In these interior sections of the parasha, the Torah seems to be tying up loose ends before the Israelites can march on from Mount Sinai into the next chapter of their journey through the wilderness. Especially the Sotah and the Nazir are about exceptional circumstances involving people who end up placing themselves, whether voluntarily or involuntarily, outside the realm of regular society. The rituals outlined in the text tell us what to do with such people – how to treat them when they are out of bounds, and how to bring them back within bounds, if and when that is possible.  Both rituals involve the name of God. With the Sotah, God’s name is written as part of a curse and then washed into the bitter waters that she is forced to drink. The Nazir presumably invokes the name of God when s/he utters the vow.

We see here how God is intimately involved with how humans cross over the boundary in and out of the normative community. Later in the parasha, Aaron and his sons are instructed on how to bless the people, linking God’s “Name with the people of Israel.” I’m interested in exploring with you this phenomenon of God’s Name and how it functions as a curse, a blessing, and a vow, and as an instrument of shepherding people from one state of being to another.


Friday, March 13, 2015

Scrollers Preview - Vayakhel/Pikude 2015

The modern commentator Yishayahu Leibovitz, brother of Torah scholar Nechama Leibovitz, refers to a Midrash which contrasts the completion of the building of the Tabernacle from this week’s parasha with the building and worship of the Golden Calf in last week’s parasha. The midrash notices that in the story of the Golden Calf, “all the people broke of the golden earrings” (Ex 32:3), but in the story of the Mishkan, “every one of a generous heart” brings gifts for the building of the structure.

The difference here is between the collective action in donating to the calf and the individual actions of donating to the Tabernacle.   The Midrash concludes that when the project is for “the good,” in the instance of the Mishkan, only those of generous heart responded to the call. But when the project was for “the evil,” in the instance of the calf, the entire nation responded.

The reason, Leibovitz posits, is that worshipping God does not come from a natural impulse within human beings. It takes a spiritual effort to overcome our nature to take upon ourselves the service of God. With idolatry, however, our natural urge is to engage in it.

Do we agree with this theory? Is it more natural for us to engage in idol worship, whatever form that may take for us today? What kind of effort does it take for us to serve something higher? We also read that the people are so generous that they actually bring too many gifts, and Moses has to tell them to stop. Does this reflect a spiritual effort or a natural urge? Can something that first takes concerted effort eventually become a natural impulse?
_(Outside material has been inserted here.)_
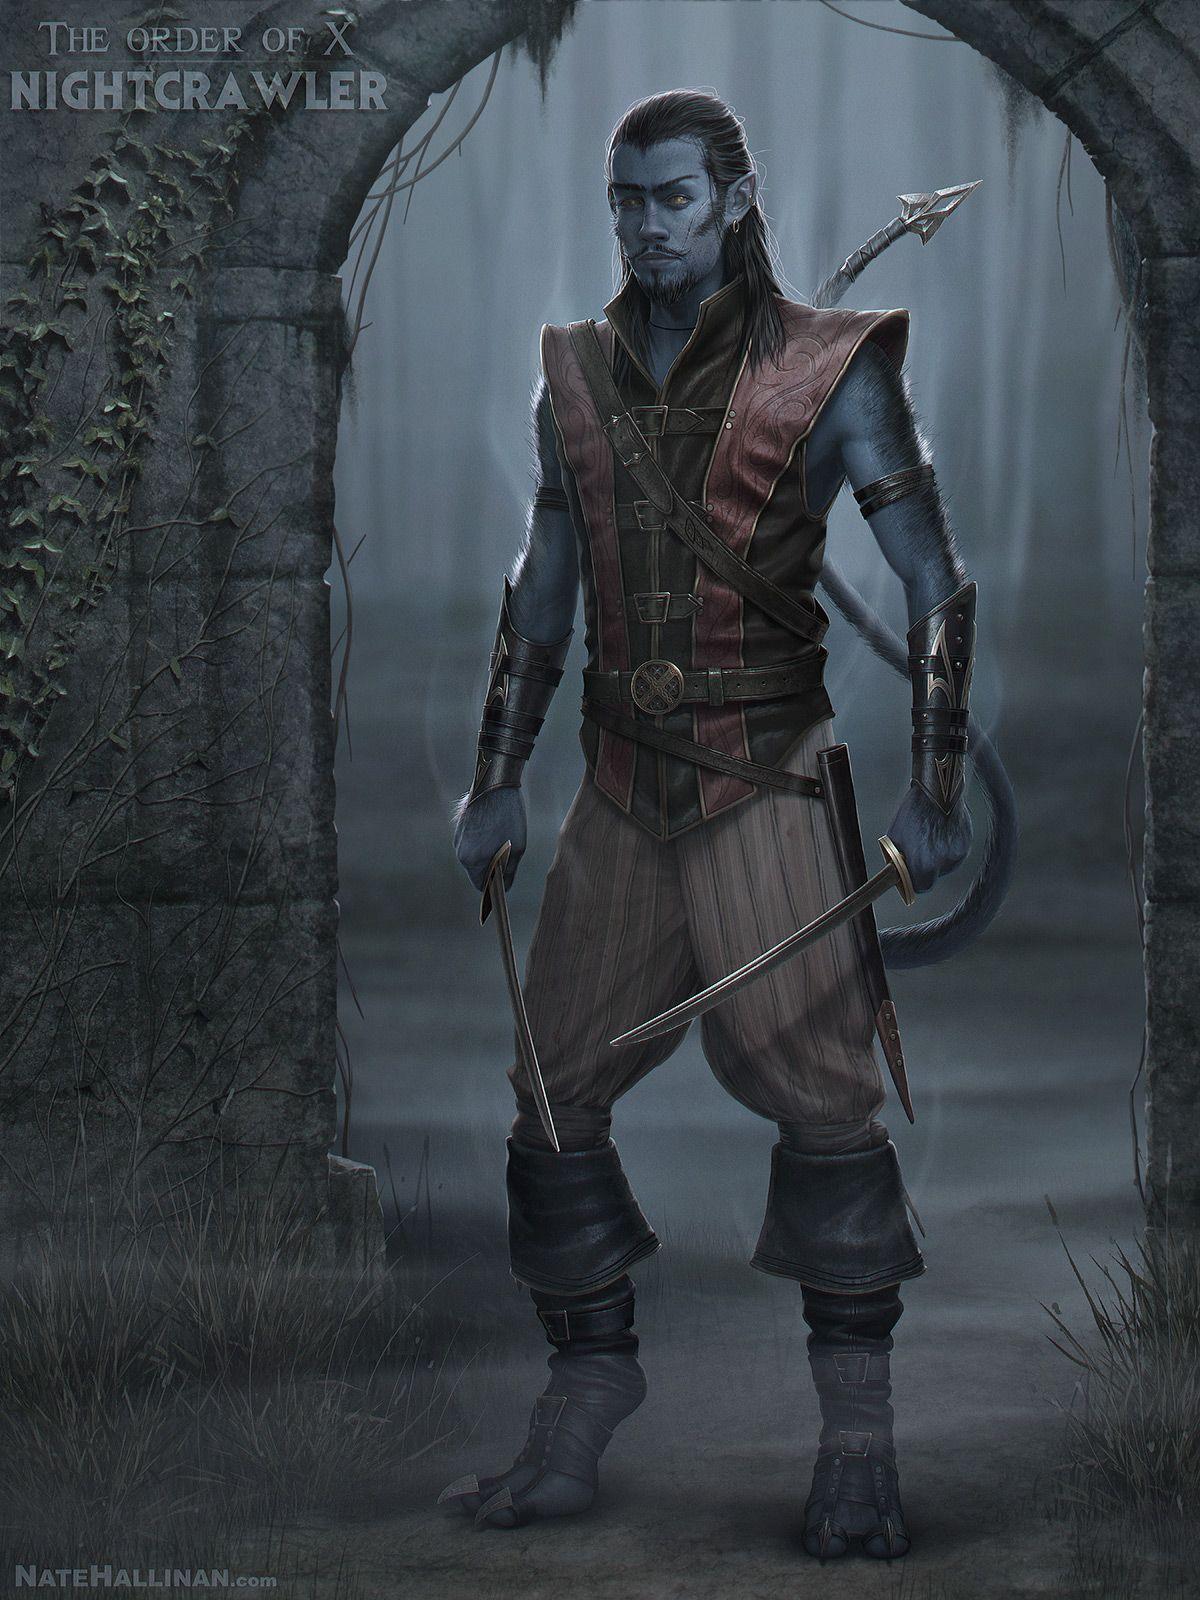 Medieval Nightcrawler, Rogue, Thief, Assassin, x-men, RPG ...

Another set of questions emerge from the idea that while the Mishkan is meant to be a project that serves God, it is still the work of human labor and creativity. We read that God chooses Bezalel and Oholiab, who have been “endowed with the skill” to do the work of carving, embroidery and design, to take the materials and make them into the furnishings and pieces of the Tabernacle. What does this mean, that they have been “endowed with skill”? Does artistic ability come from God, or is it a naturally occurring human trait?

I look forward to exploring these questions, along with yours, as we study together tomorrow morning.

Friday, February 20, 2015

Scrollers Preview - Parashat Terumah


In its introduction to the Haftarah portion this week (which is about the building of the First Temple), the Etz Hayyim commentary points out an interesting difference between the account of the building of the Tabernacle in the desert and the building of the First Temple in Jerusalem. 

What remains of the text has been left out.